3rd run of apriori algorithm
-f dataset.csv -s 0.92 -c 0.7 python apriori.py
————ITEMS—————– item: (‘Nachos’,) , 0.955 item: (‘Nachos’, ‘Eggs’) , 0.955 item: (‘Nachos’, ‘Bread’) , 0.955 item: (‘Nachos’, ‘Butter’) , 0.955 item: (‘Nachos’, ‘Milk’) , 0.955 item: (‘Nachos’, ‘Juice’) , 0.955 item: (‘Nachos’, ‘Banana’) , 0.955
The support value of 0.955 is similar to the support value of 0.95 and 1 which we used in FPgrowth algorithm in the 3rd run but the number of items is less than the FPgrowth algorithm.

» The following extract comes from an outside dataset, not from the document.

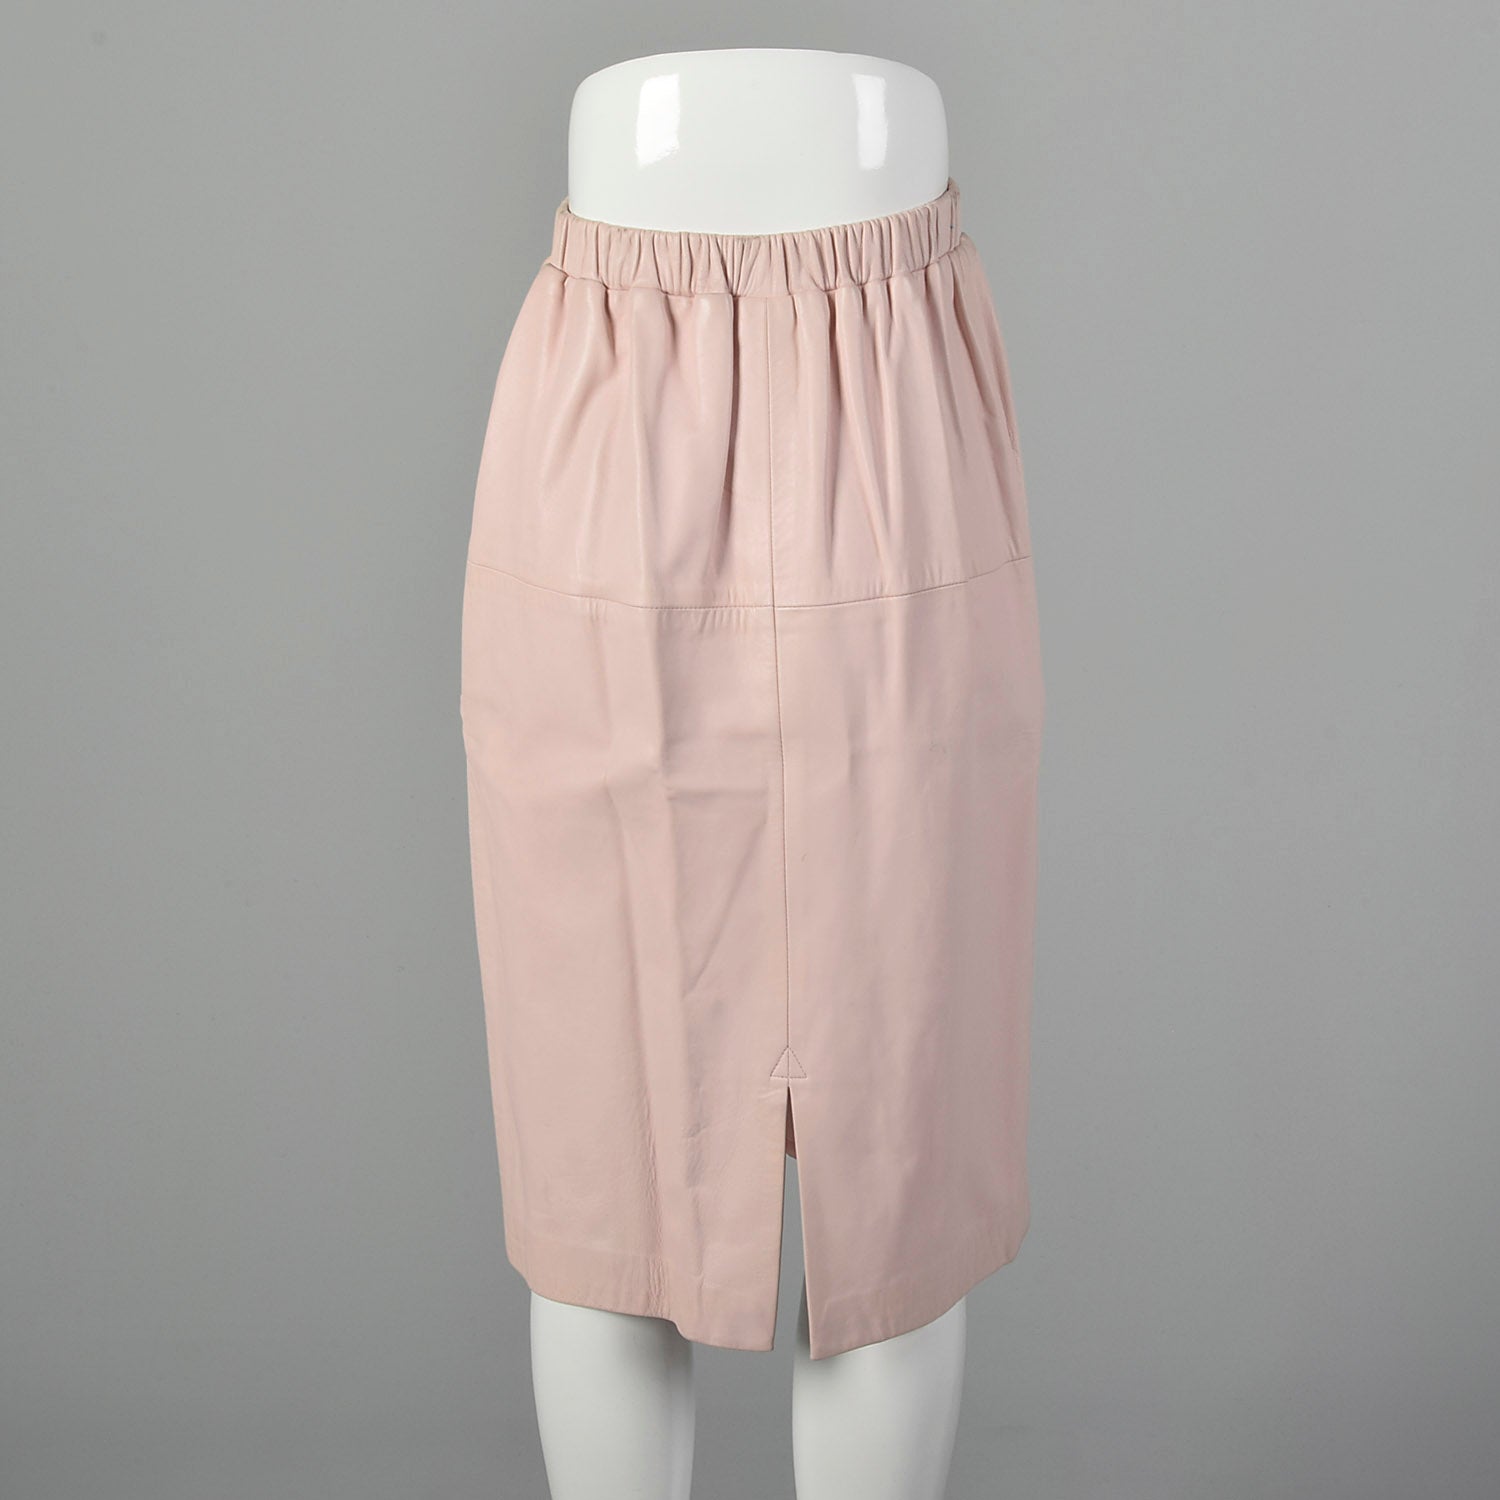 XS Pastel Pink Leather Skirt

This value keeps on decreasing with the increase in the number of items in the dataset.
————RULES—————– Rule: (‘Eggs’,) ==> (‘Nachos’,) , 0.955 Rule: (‘Bread’,) ==> (‘Nachos’,) , 0.955 Rule: (‘Butter’,) ==> (‘Nachos’,) , 0.955 Rule: (‘Milk’,) ==> (‘Nachos’,) , 0.955 Rule: (‘Juice’,) ==> (‘Nachos’,) , 0.955
Rule: (‘Juice’,) ==> (‘Milk’,) , 1.000
We get a value of confidence of 1 for apriori algorithm for the association of juice
against milk
for 1 rule whic is similar to FPgrowth algorithm.

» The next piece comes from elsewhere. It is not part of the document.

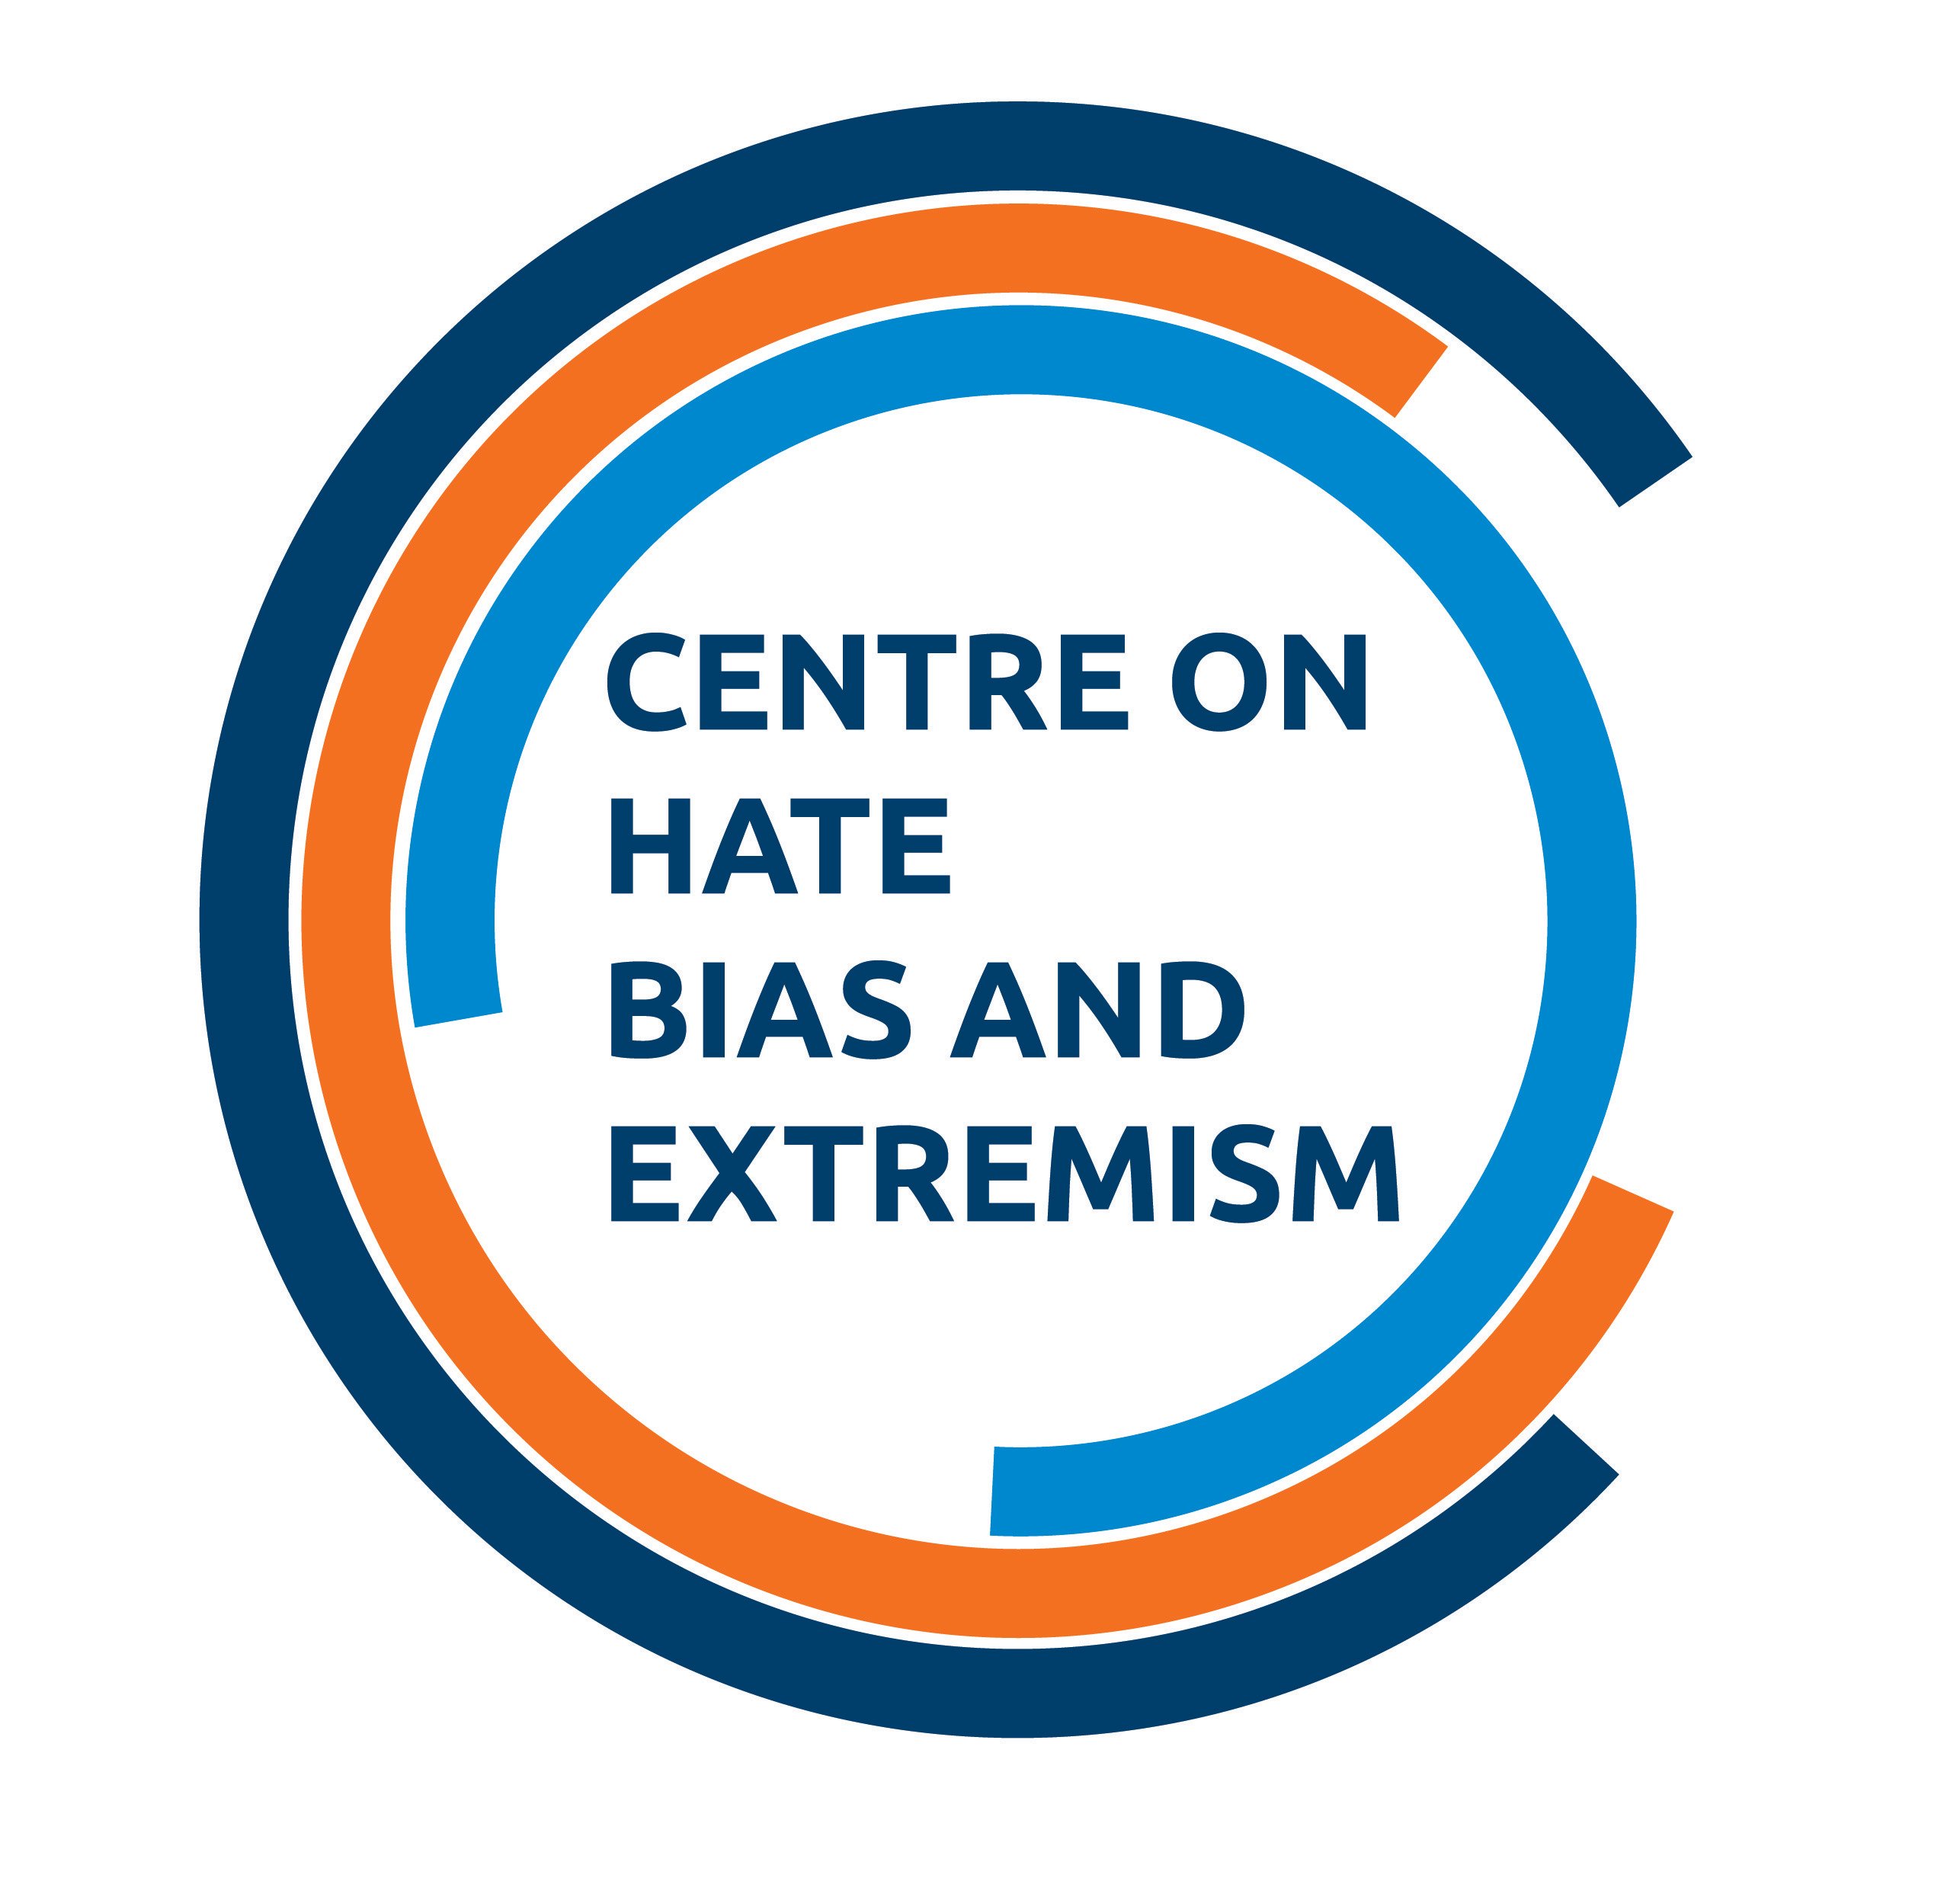 Centre on Hate, Bias and Extremism

So in some cases both algorithms give the same results and in some cases they give different results.
Conclusion
We can conclude that FPgrowth algorithm is better than apriory algorithm as it gives more accurate results. The FPgrowth algorithm is faster than apriory algorithm as well. The FPgrowth algorithm is used in many applications such as market basket analysis, recommender systems, etc. The FPgrowth algorithm is used in the Apache Spark MLlib library as well.
References
- https://en.wikipedia.org/wiki/Association_rule_learning
- Borgelt, C. (2010) An Implementation of the FP-growth Algorithm. Proceedings of the 1st International Workshop on Open Source Data Mining: Frequent Pattern Mining Implementations.